- [Problem requirements] All lines at and after the one containing "I bambini e", up to the end of the listing below, are to be printed exactly, with the pictures omitted.

- [Collected material]

::::

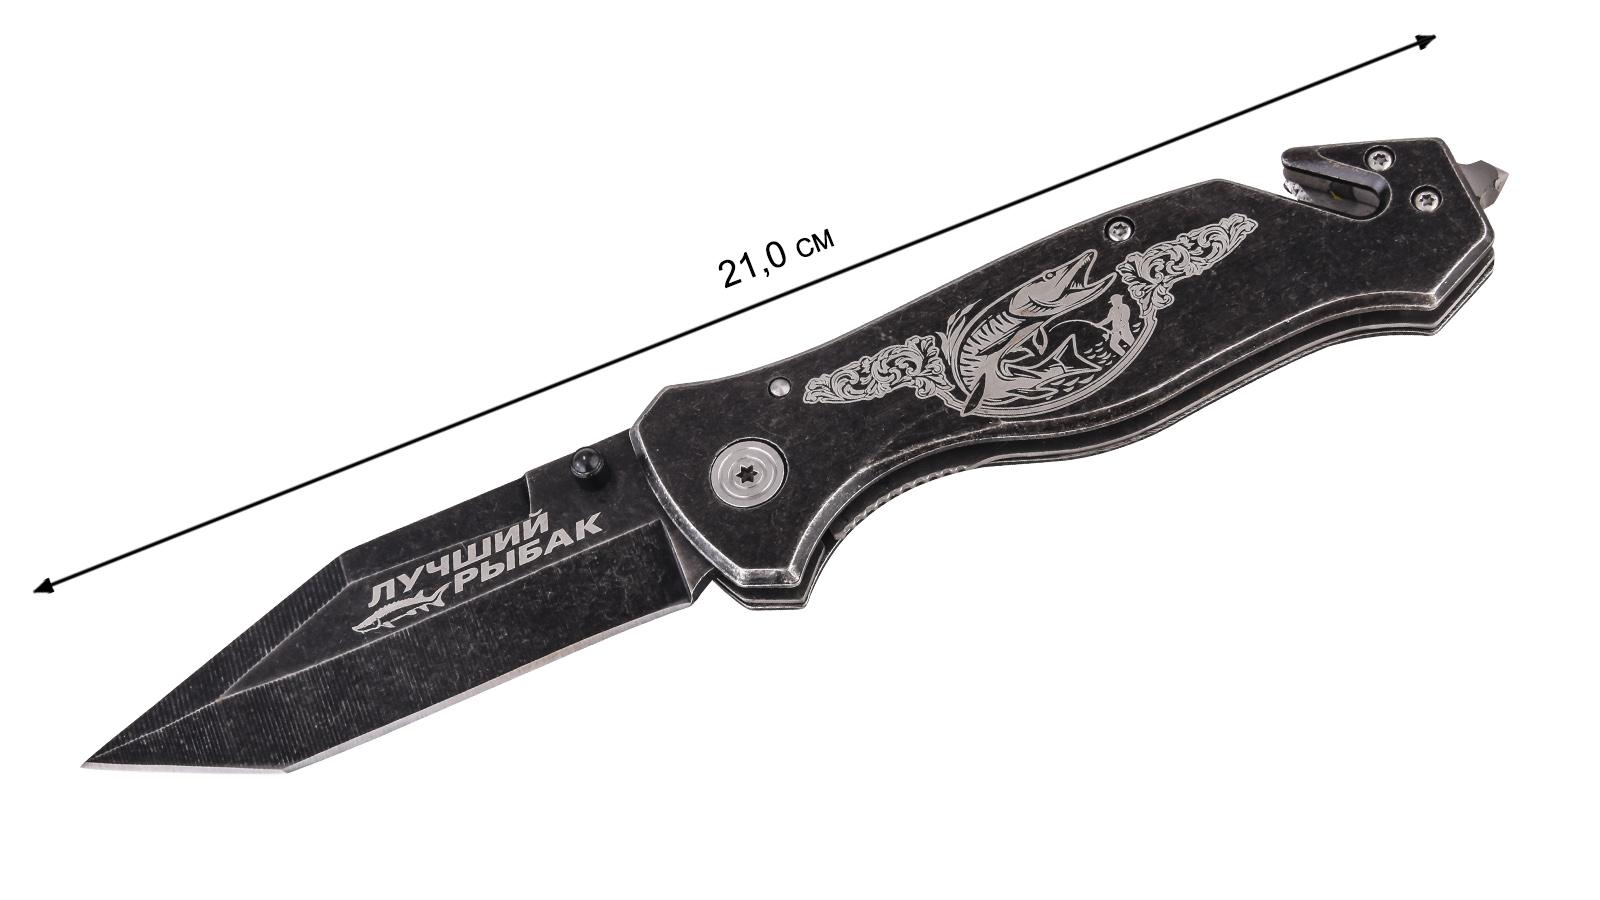 """Рыбацкий нож с гравировкой """"Лучший рыбак"""" - длина"""
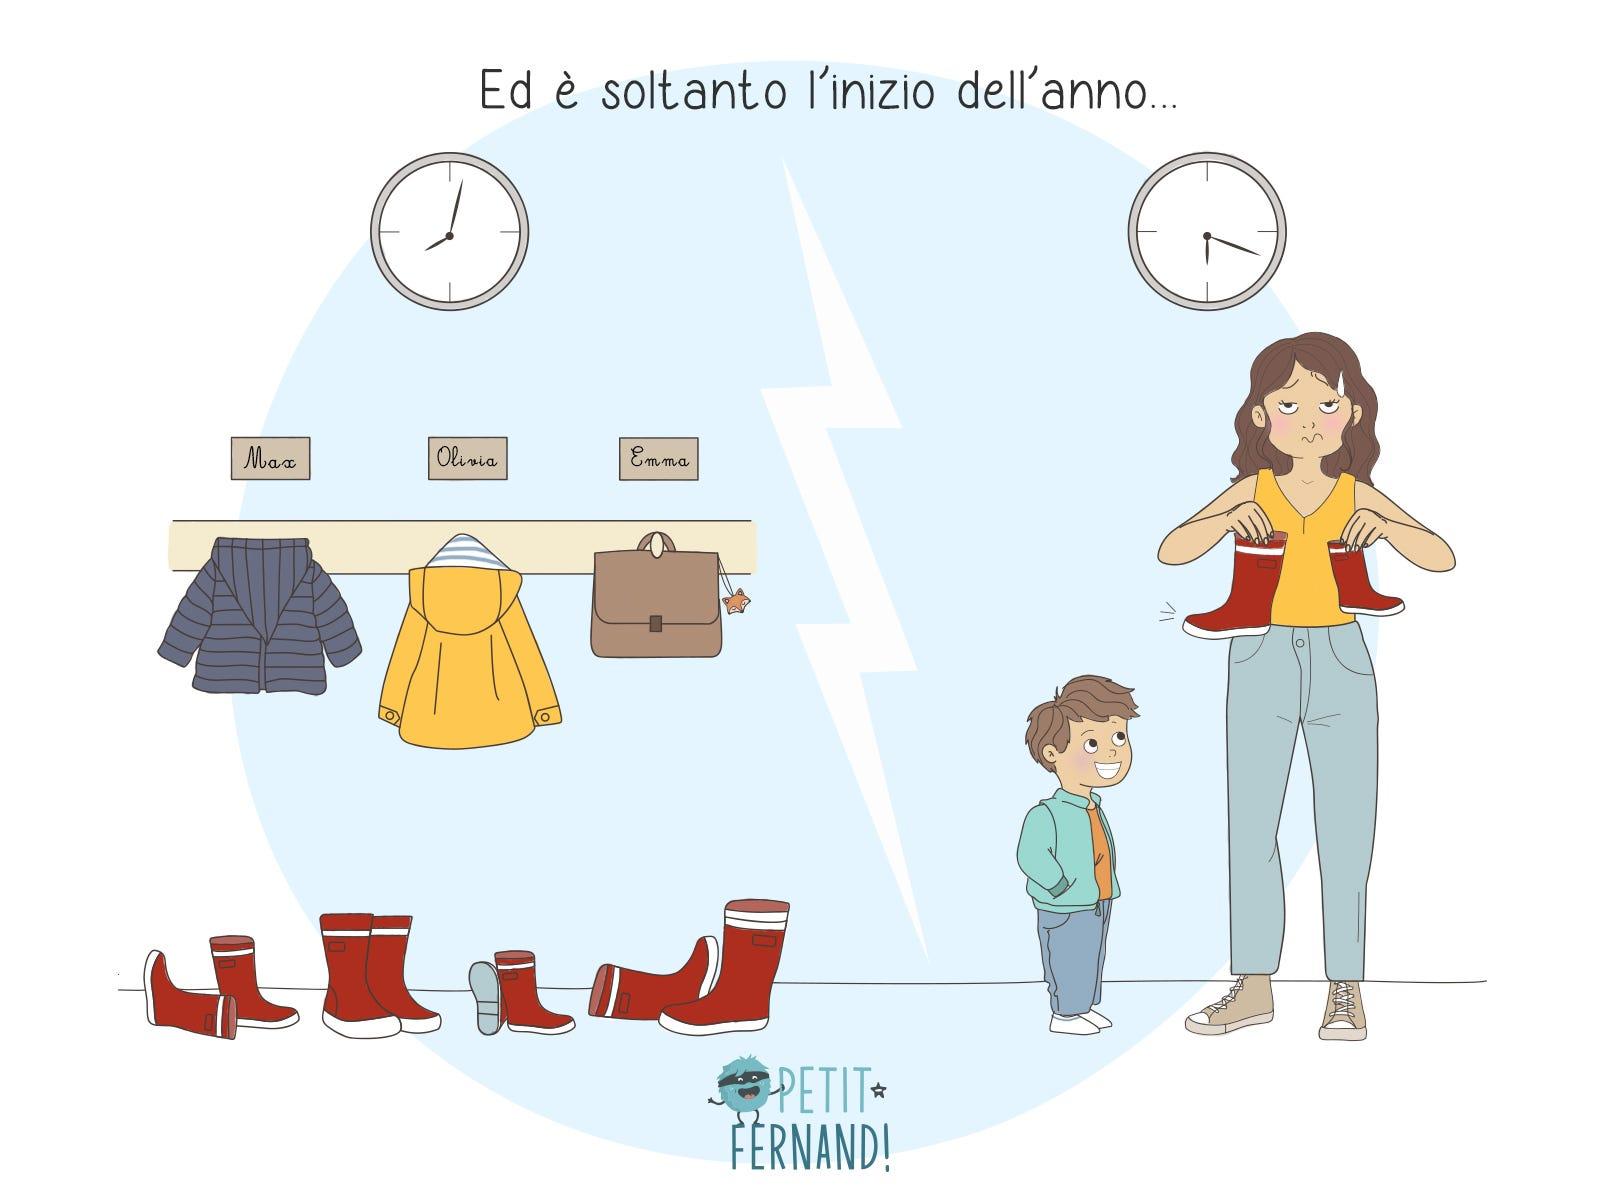 I bambini e le loro cose che vengono scambiate a scuola… Una bella storia!
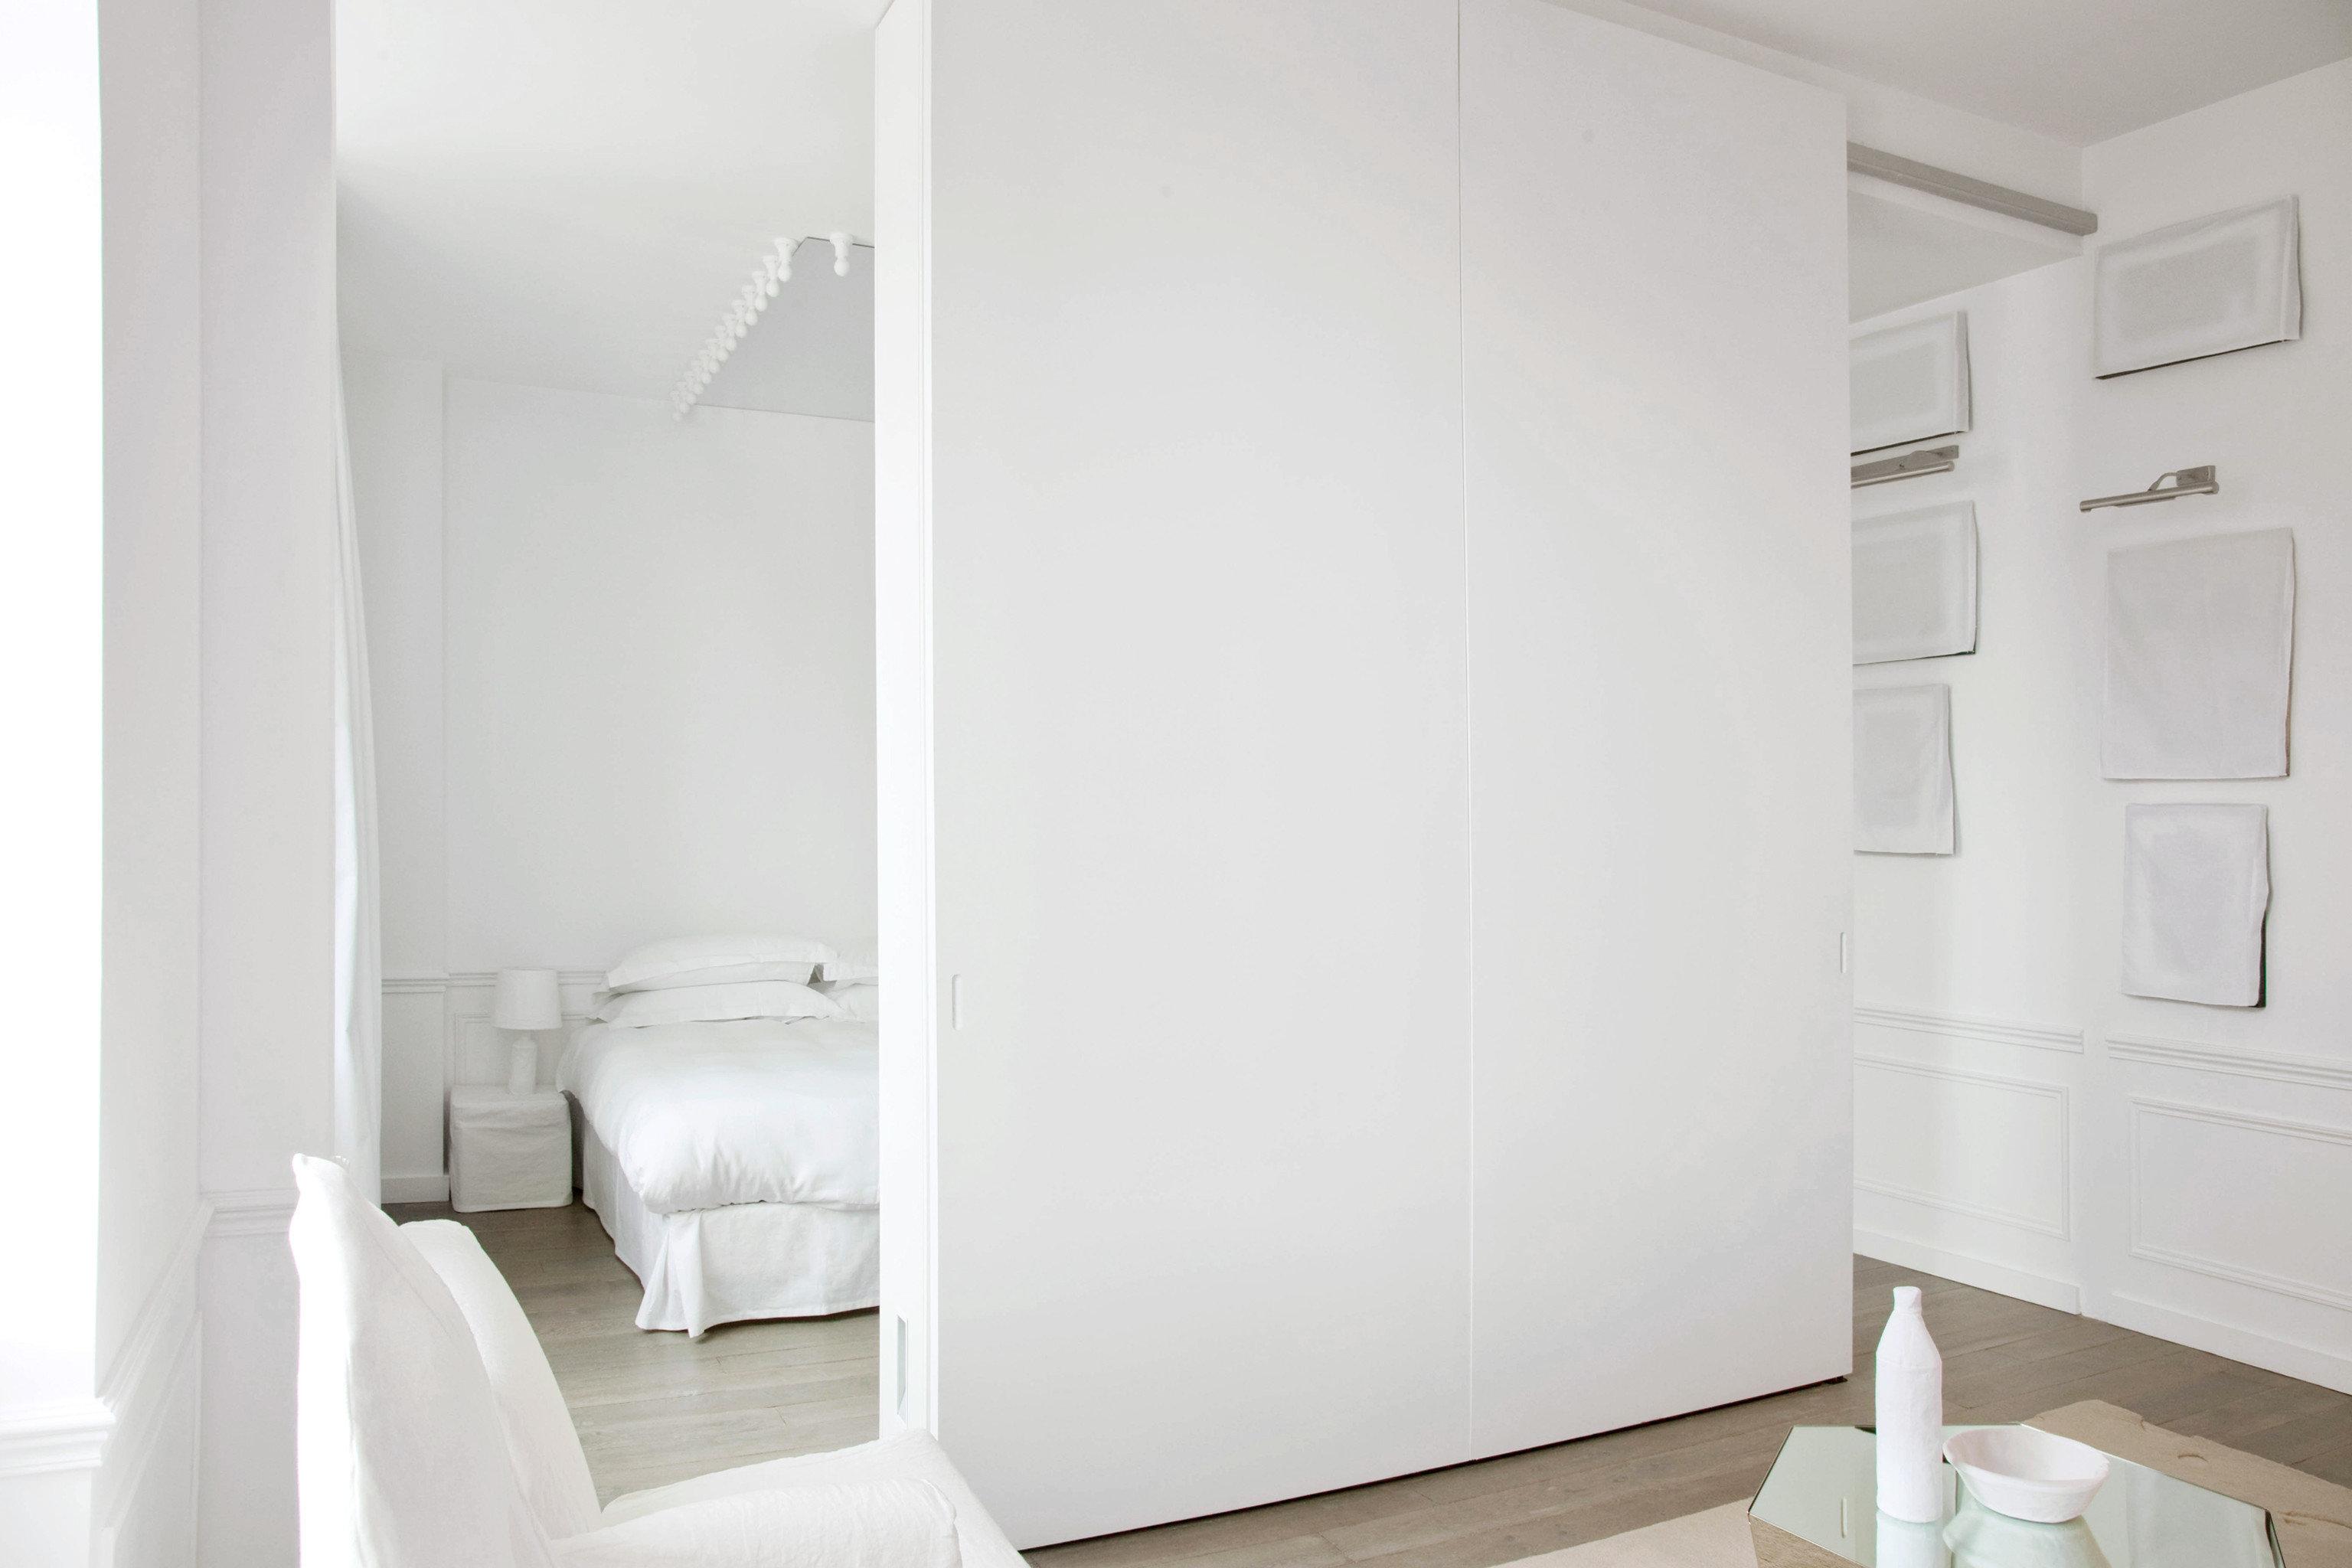 Bedroom Classic Suite white wardrobe bathroom cabinet plumbing fixture bathroom

::::

- [Solution below]
 I bambini e le loro cose che vengono scambiate a scuola… Una bella storia!
 Bedroom Classic Suite white wardrobe bathroom cabinet plumbing fixture bathroom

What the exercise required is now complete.